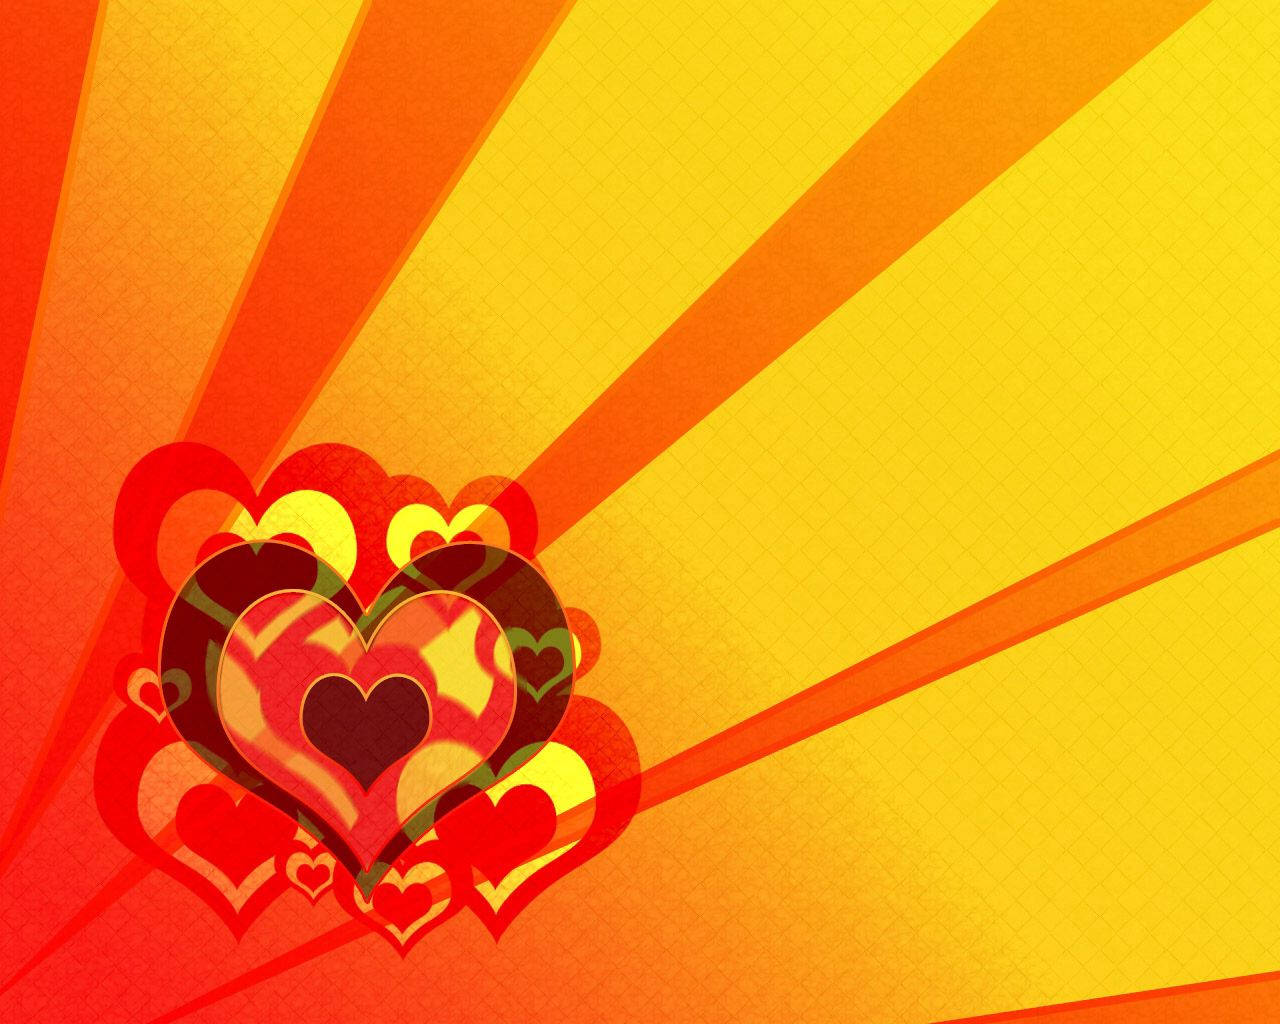 Find Your Heart In The Orange Lines Wallpaper
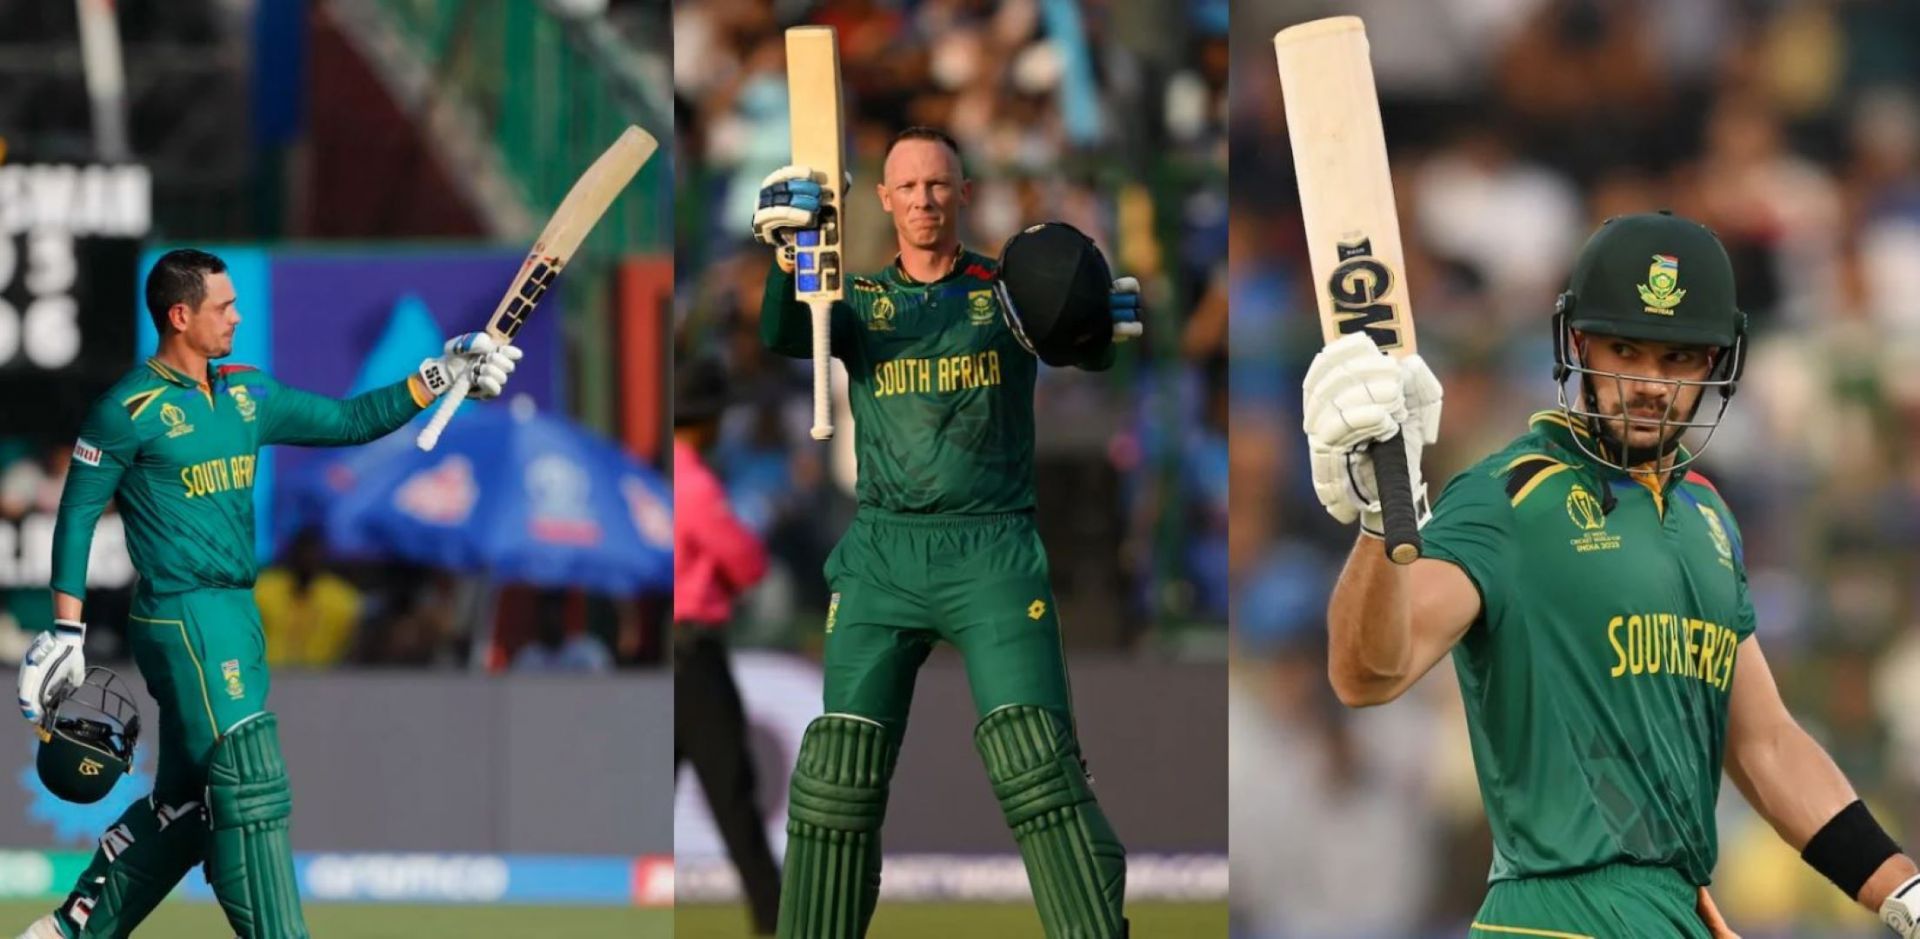 South Africa stamped their authority with another incredible batting performance in their World Cup opener
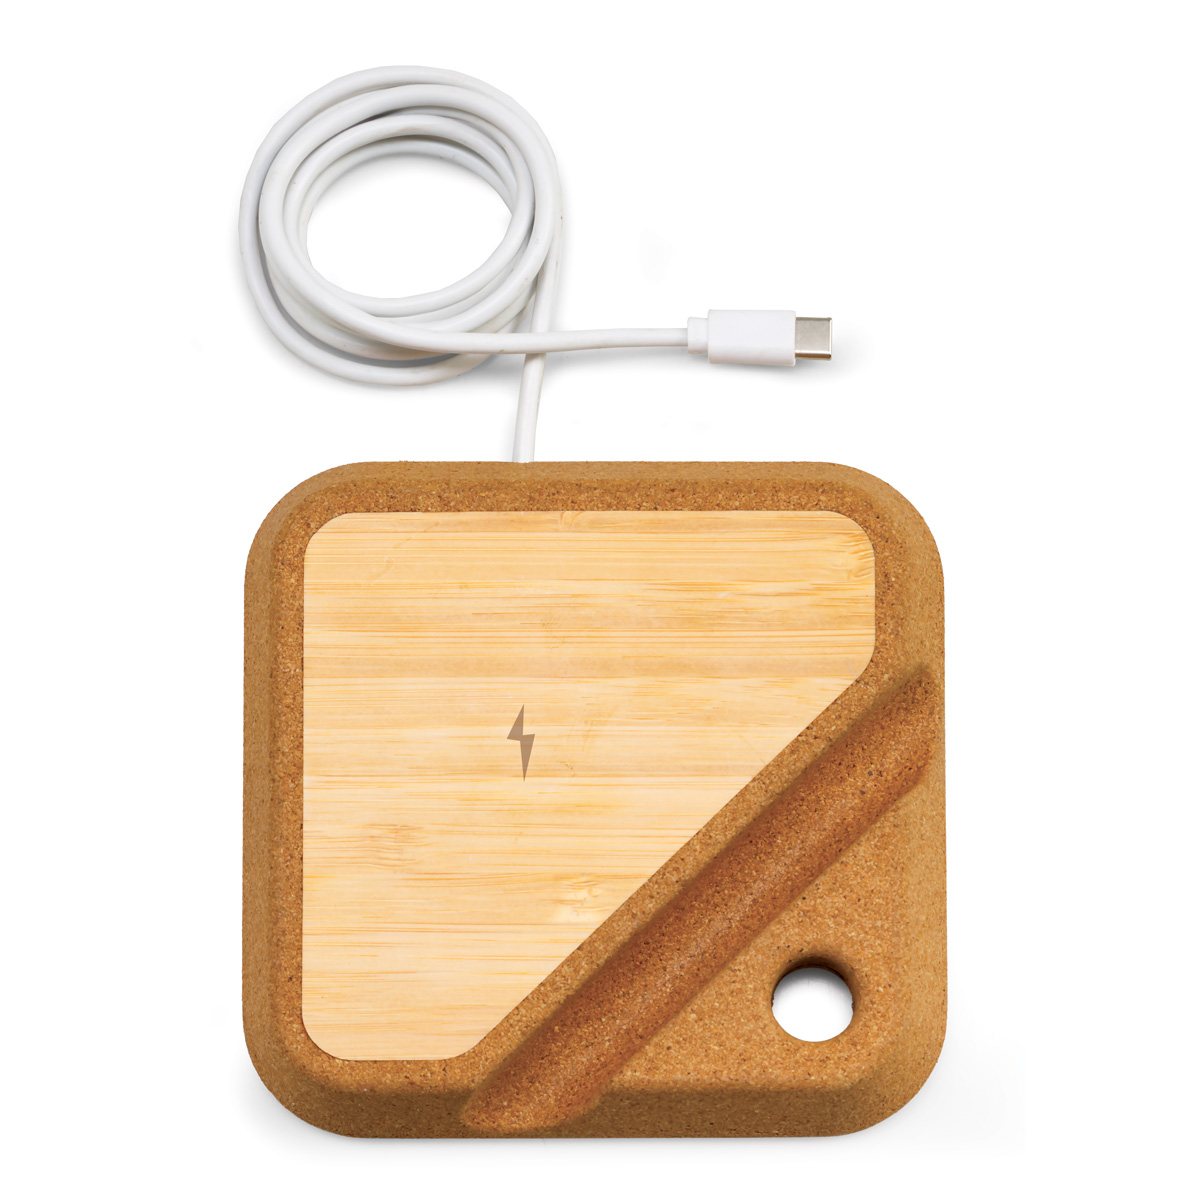 Benyer Cork Wireless Charger Product Image

- [Assignment] Apart from the pictures, the material above has to be repeated exactly.

- [Task result]
 Find Your Heart In The Orange Lines Wallpaper
 South Africa stamped their authority with another incredible batting performance in their World Cup opener
 Benyer Cork Wireless Charger Product Image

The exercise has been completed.